叶家老祖眼中的精光彻底黯淡下去,他活了这么大把年纪,自然看得懂眼色,纪无尘这是铁了心要保叶心柔,哪怕是与整个叶家为敌,与月清雪撕破脸。
老祖长长地叹了口气,挥了挥手,那股盘踞在庭院上空的威压如潮水般退去。
他这一退,便是默许。
纪无尘冷哼一声,那柄雪亮的灵剑发出一声轻鸣,倏然消失。他扶著叶心柔,后者立刻像是找到了主心骨,柔弱地靠在他身上,低声啜泣起来,那双含泪的眼眸却越过师尊的肩膀,带着一丝若有若无的得意,扫了叶臻和花玥一眼。

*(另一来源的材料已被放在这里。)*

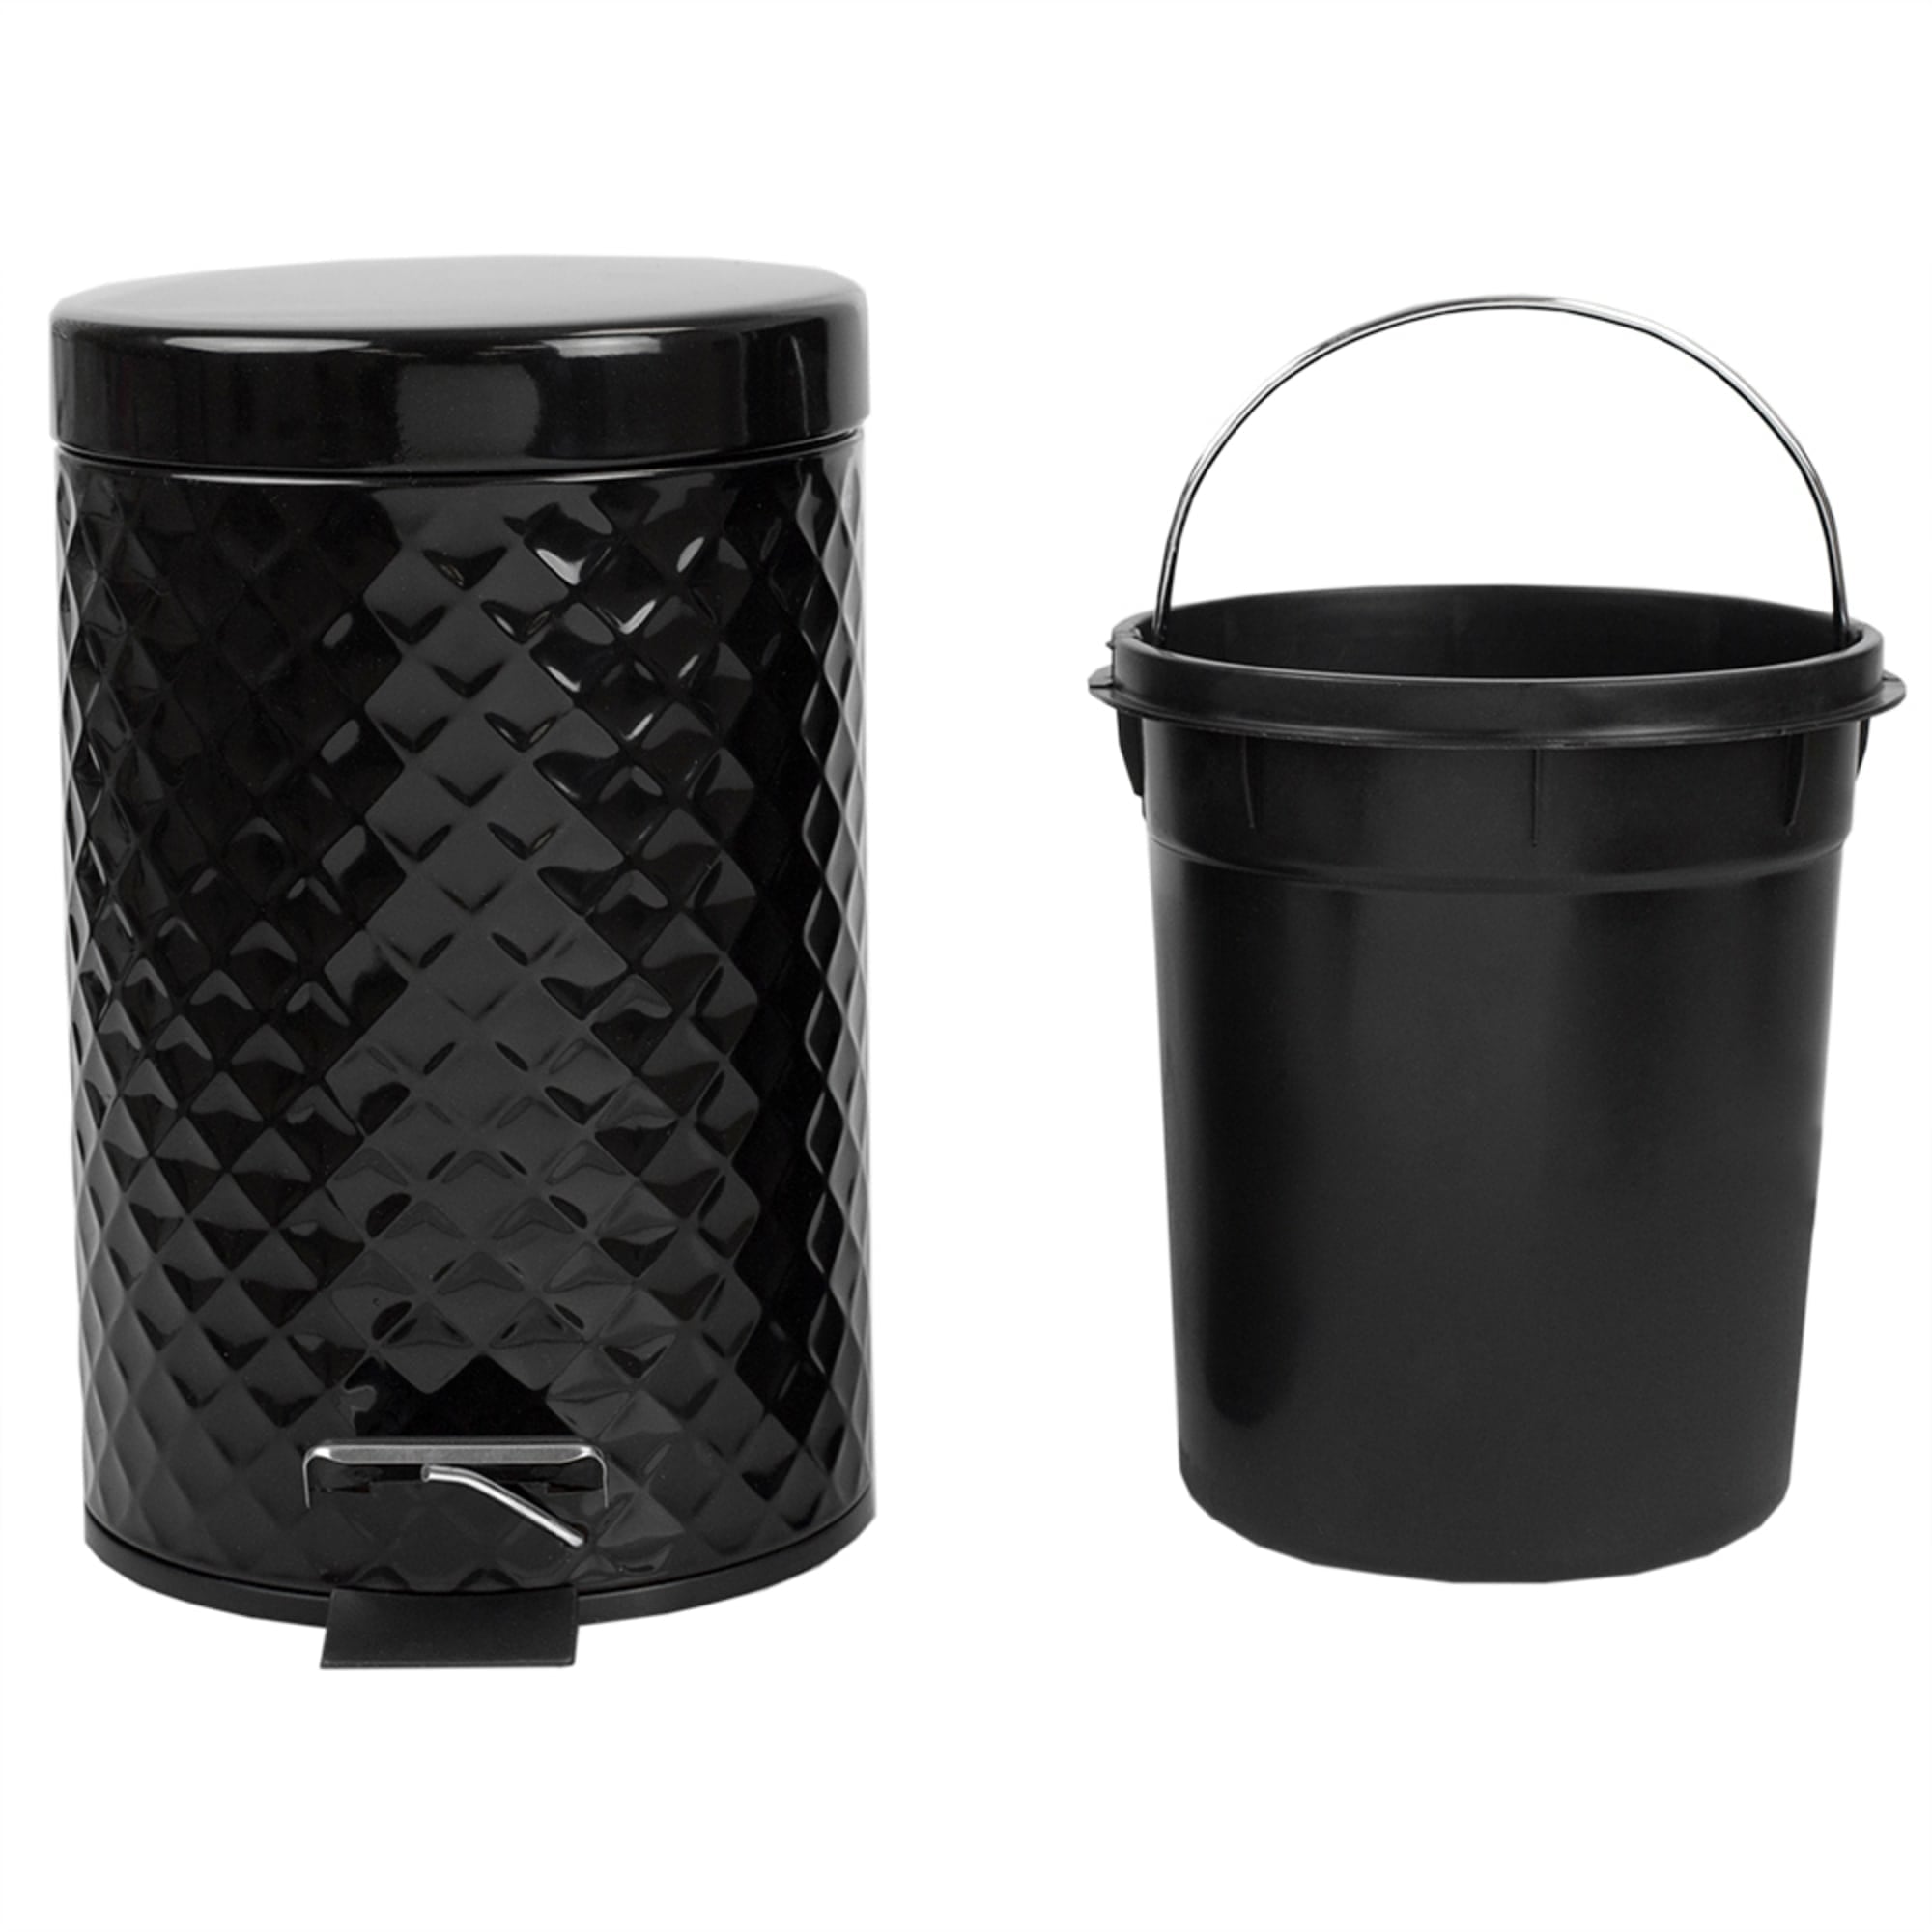 Home Basics 3 Liter Step-On Textured Steel Waste Bin, Black $8.00 EACH, CASE PACK OF 6

叶长风整个人像是从水里捞出来一般,大口地喘著粗气,看向纪无尘的背影充满了感激。
“你过了。”月清雪的声音依旧温润,但那份温润之下,是凝结的冰霜。
“师弟,我只是在教你,有时候,一味的仁慈只会助长宵小之辈的气焰。”纪无尘头也不回,话语里的警告意味十足。

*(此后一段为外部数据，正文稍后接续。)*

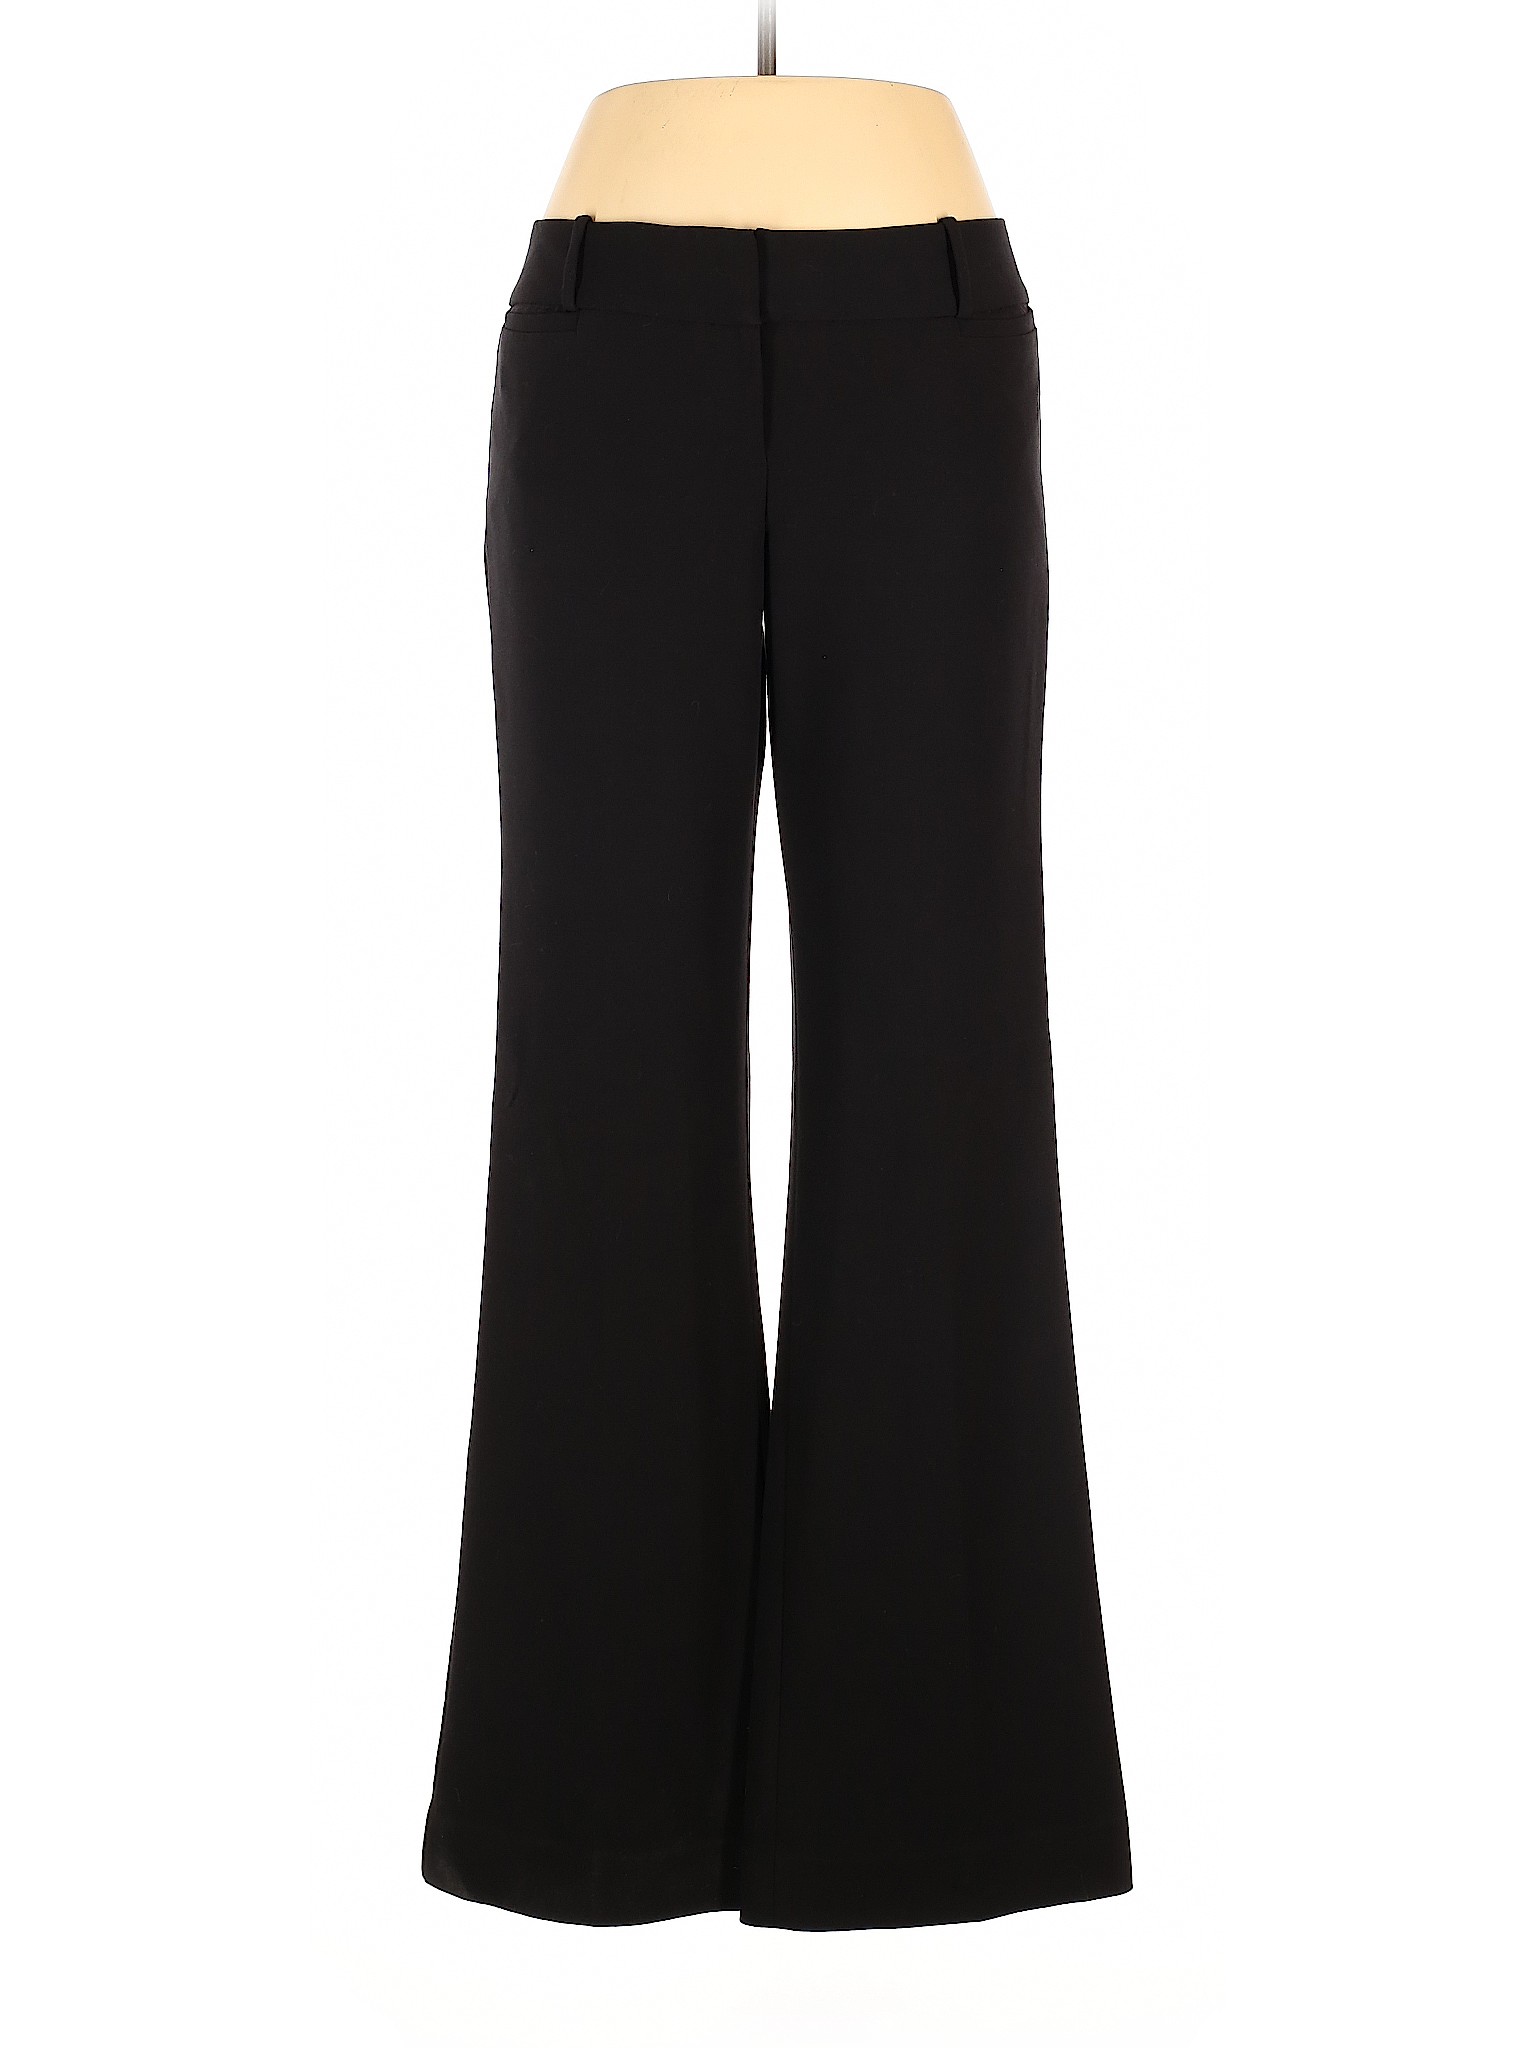 LTD Women Black Dress Pants 10 | eBay

他不再多言,带着叶心柔,在一众宾客敬畏又复杂的注视下,身形化作一道剑光,冲天而去,消失在天际。
一场轰轰烈烈的认亲大戏,就这样以一种荒唐的方式,虎头蛇尾地落下了帷幕。
真相被强权死死摁在水面之下。
庭院里的宾客们见没戏可看,也纷纷找著借口告辞,叶家的下人开始手脚麻利地收拾残局,仿佛想尽快抹去这场闹剧的所有痕迹。

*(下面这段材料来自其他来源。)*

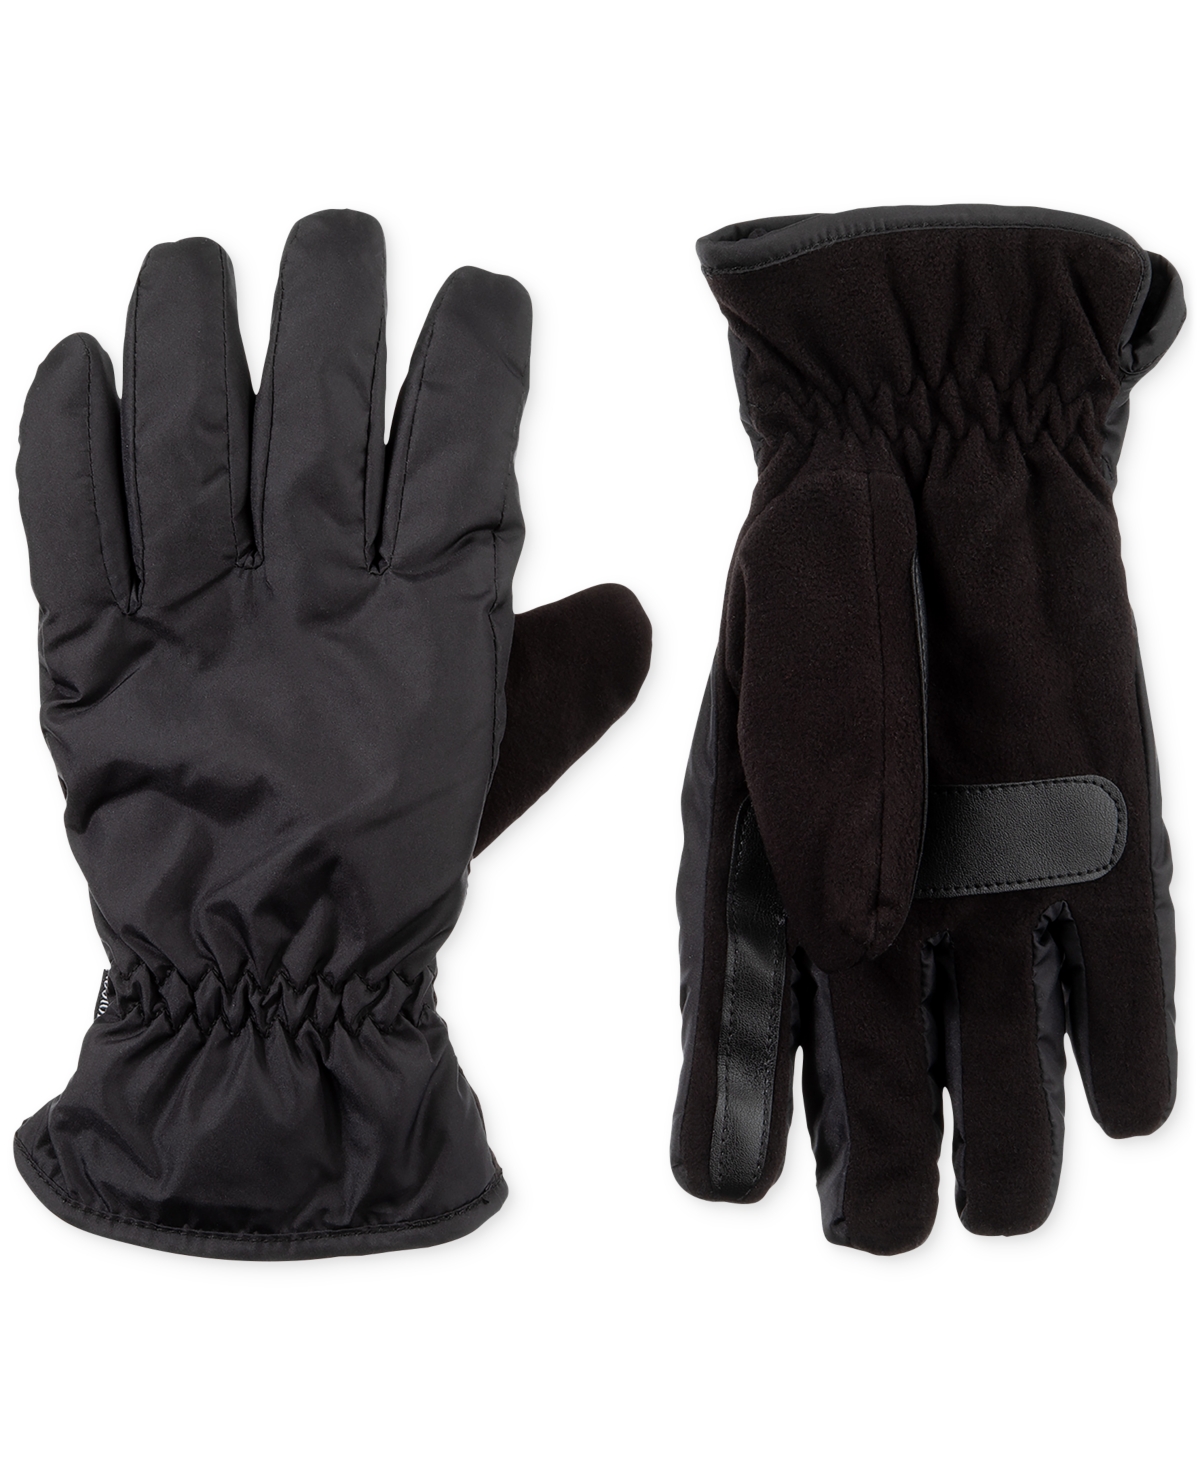 Men's Insulated Water-Repellent Active Gloves - Black

花玥看着这一切,心头那股被强压下去的火苗,又悄然升腾起来。她走到叶臻身边,看着这个刚刚脱离苦海,却又一脚踏入另一个泥潭的女孩。
“臻臻,”花玥放低了声音,“叶家太复杂了,你娘亲身体又不好。要不要先跟我回青林峰住一阵子?”
她太清楚叶心柔的手段了。她,最擅长的就是杀人不见血,只要流滴泪。今天纪无尘的强势撑腰,只会让她在叶家更加有恃无恐。叶臻,留下来,怕是日日都要如履薄冰。
叶臻抬起头,那双黑白分明的眼睛里映着花玥担忧的脸。她用力地摇了摇头,小手反而抓紧了母亲的衣袖。
“花玥姐姐,我想陪着娘亲。”她看向虚弱的叶琴,眼底满是孺慕与心疼,“我们分开太久了。”
找回亲人,是她这么多年来不敢奢望的念想。如今好不容易得偿所愿,她怎么舍得再分开。
似乎是怕花玥担心,她又连忙补充道,语气里带着一丝期盼:“你放心,娘亲说了,过几日就带我去测灵根。等我测出灵根,我也去无极宗,到时候,我就能去找你玩了!”
花玥看着她认真的模样,心头一软。
是啊,对于一个从小没有母亲的孩子来说,这份失而复得的温暖,比什么都重要。她自己不也正为了寻找娘亲,才一路走到这里的吗?
“好。”花玥不再劝说。
她从储物袋里取出一枚小巧的、刻着云纹的白玉片,塞进了叶臻的手里。
“这是传音石,以后在叶家,要是有任何人敢欺负你,或者你遇到了什么解决不了的麻烦,就用它联系我。”
“好”叶臻笑着点头。
她收好传音石,却又仰起小脸,忧心忡忡地问:“花玥姐姐,今天你为了我,得罪了那位纪峰主,他会不会”
“放心吧。”花玥笑了,她弯下腰,凑到叶臻耳边,用只有两个人能听见的声音,神秘兮兮地说道:“别看我修为低,我也是有靠山的哦。”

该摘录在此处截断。